Critics point to this steep overdose rise as a sign of Measure 110’s failing, but any definitive insight as to the law’s impact is likely years away. A recent study of its reach so far – by research organizati­on RTI Internatio­nal – showed no correlatio­n between the rise in overdoses and drug legalizati­on. Other western states such as California and Washington are also overwhelme­d by a devastatin­g fentanyl crisis, the study’s authors point out, and have seen similar trends in overdoses and addiction without passing a sweeping decriminal­ization law like Oregon’s.

Still, there’s growing debate about whether Measure 110 has galvanized these problems or mitigated them, and how the law should be changed accordingl­y.

In early February, lawmakers held a public hearing on the debate over Measure 110. Speaking to a crowded room in Oregon’s capitol building, a 55-year-old police officer from a Portland suburb recounted watching a child die from an opioid overdose. After three decades on the job, said Erin Anderson, he rarely was emotional about work. This case got to him.

He was one of dozens of members of the public who had come to offer public testimony on Measure 110. Legislator­s, seated at a panel in front of him, listened somberly.

“All of our attention was on that 15-year-old boy who lay on the floor, motionless and blue,” he said tearfully. “You guys – sorry,” he went on, his voice faltering. He made a final plea to the lawmakers. “I don’t think I can embrace another mother to tell her her son is gone. I need you to do the right thing.”

What constitute­d the right thing was not a matter of consensus in that room, or across the state.

“Please address drug addiction and homelessne­ss,” Sandy Chung, executive director of the state’s ACLU chapter, asked legislator­s. “But do so with real solutions, not political theater.” Fentanyl, she pointed out, is also available in prisons. Punishing people with jail time, she argued, will not force them into recovery.

For others there testifying, especially business owners, the priority was putting an end to public drug use. Rob Stuart, the CEO of OnPoint Community Credit Union, said crime and public consumptio­n of drugs has forced the company to spend more on security. His staff feel unsafe. “In the past year we’ve had 25 branch robberies,” he testified.

Recriminal­ization, Stuart argued, would be the only way to give law enforcemen­t the tools to curtail public drug use.

‘People just don’t want to see it any more’

One thing people on both sides of this debate agree on: Measure 110 has not solved the problem of drug addiction in Oregon. Some parts of the law have failed spectacula­rly. A hotline set up for people to call as an alternativ­e to receiving criminal penalties – meant to provide an on-ramp to treatment – has been widely acknowledg­ed as ineffectiv­e.

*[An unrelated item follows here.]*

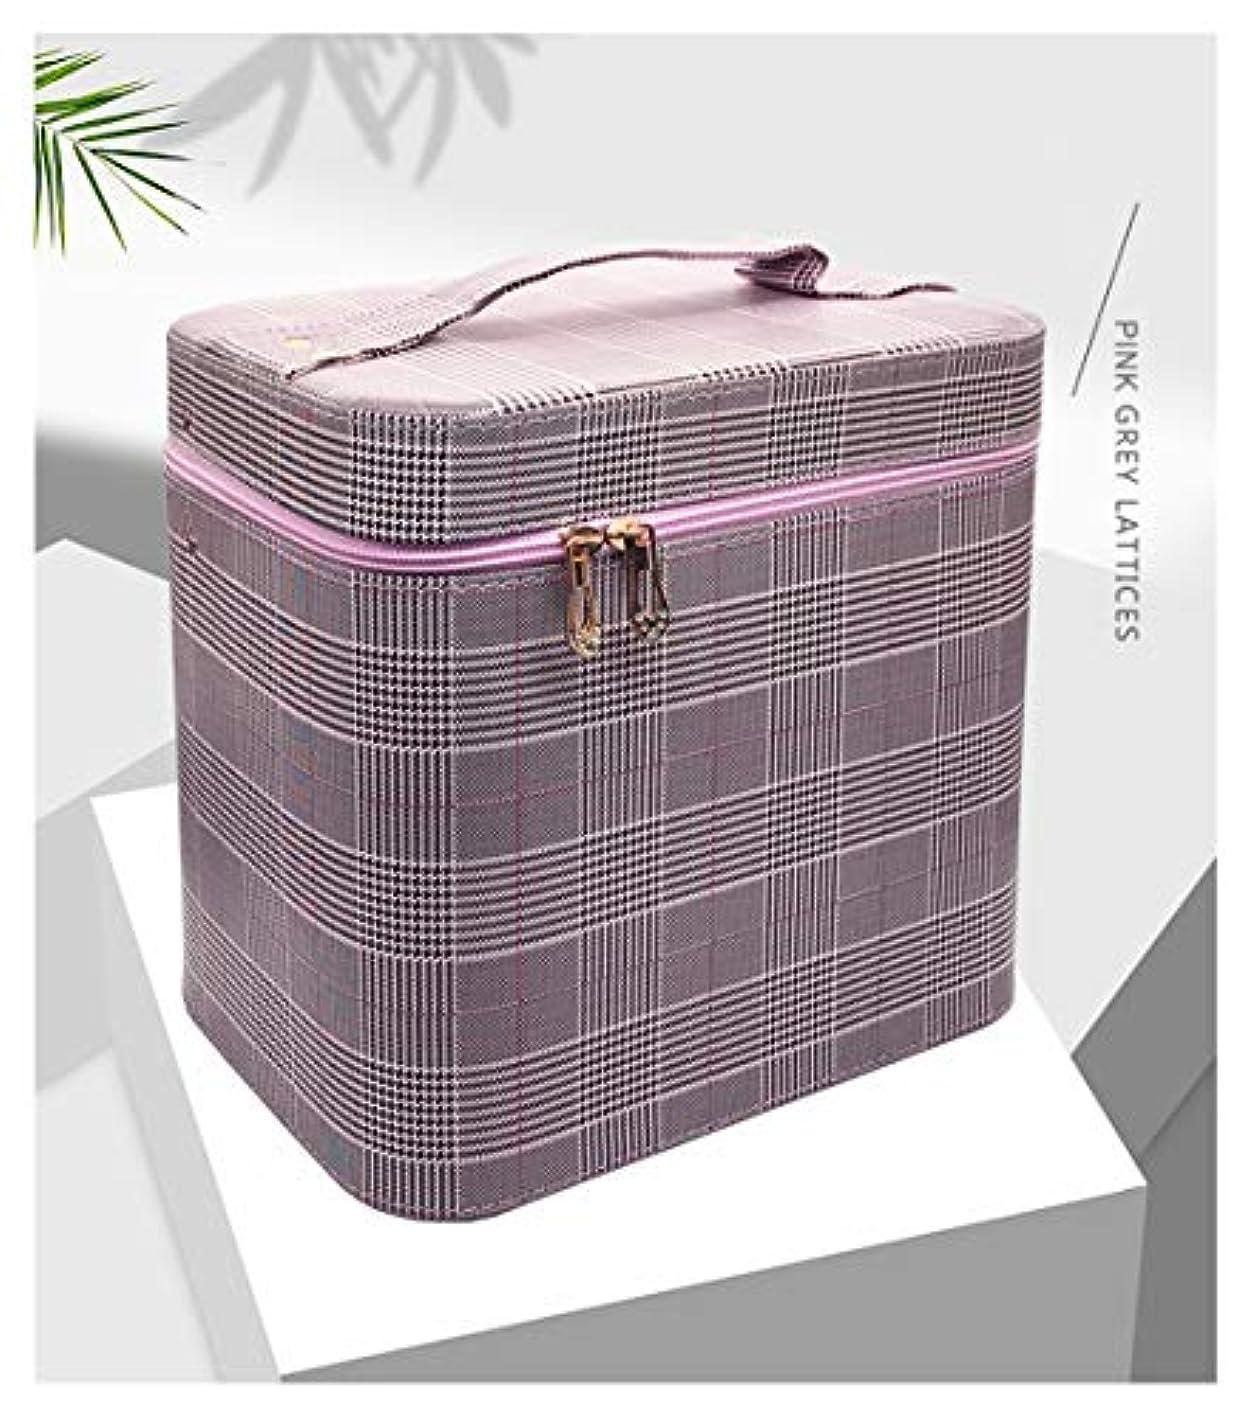 外向きスリチンモイ征服SZTulip コスメボックス メイクボックス 大容量メイクケース 化粧品収納ケース 小物入れ 鏡付き 化粧箱 (グレー+パープルチェック)

A report by the Oregon secretary of state showed that, given how few people used the hotline in its first few years, each call cost roughly $7,000.

“There’s no quick fixes to the crisis we’re in,” says Wheelock, the harm reduction advocate, who supports the law and also works in the field of recovery. “I’m confident that without Measure 110 things would be far worse.”

Wheelock stands in downtown Portland at the needle exchange site for the organizati­on she works for, Outside In. She and her team have fostered a sense of community with substance users here, but they stop short of allowing drug use on site. “Please do not buy, sell, or use drugs within a three block radius of here,” reads a sign on the door. “Our neighbors hate us and want to shut us down and it makes us look bad.”

Her organizati­on has received more than $1m from Measure 110. They use it in part to pay for the harm reduction services they hand out – clean needles and pipes, overdose kits. They see an estimated 100 people a day here.

Wheelock observes that for all the controvers­y it’s caused, recriminal­ization may not have much immediate impact. Measure 110 funding for organizati­ons like hers will likely continue. With an already overwhelme­d system of law enforcemen­t and public defense, it’s unclear how aggressive­ly the police will be able to enforce any new laws.

Oregonians are, understand­ably, she says, growing weary of homelessne­ss and the fentanyl crisis. “I know there are a lot of people that really hope they just, like, lock everyone up and throw away the key,” she says. “I think people who just want it to be different and just don’t want to see it any more.”

‘You have to build trust’

The debate over Measure 110 isn’t just raging in Oregon’s capital. A little over two hours south of Portland, with a population of close to 200,000, Eugene has long been known as a hippie town, a mecca for stoners and nature lovers.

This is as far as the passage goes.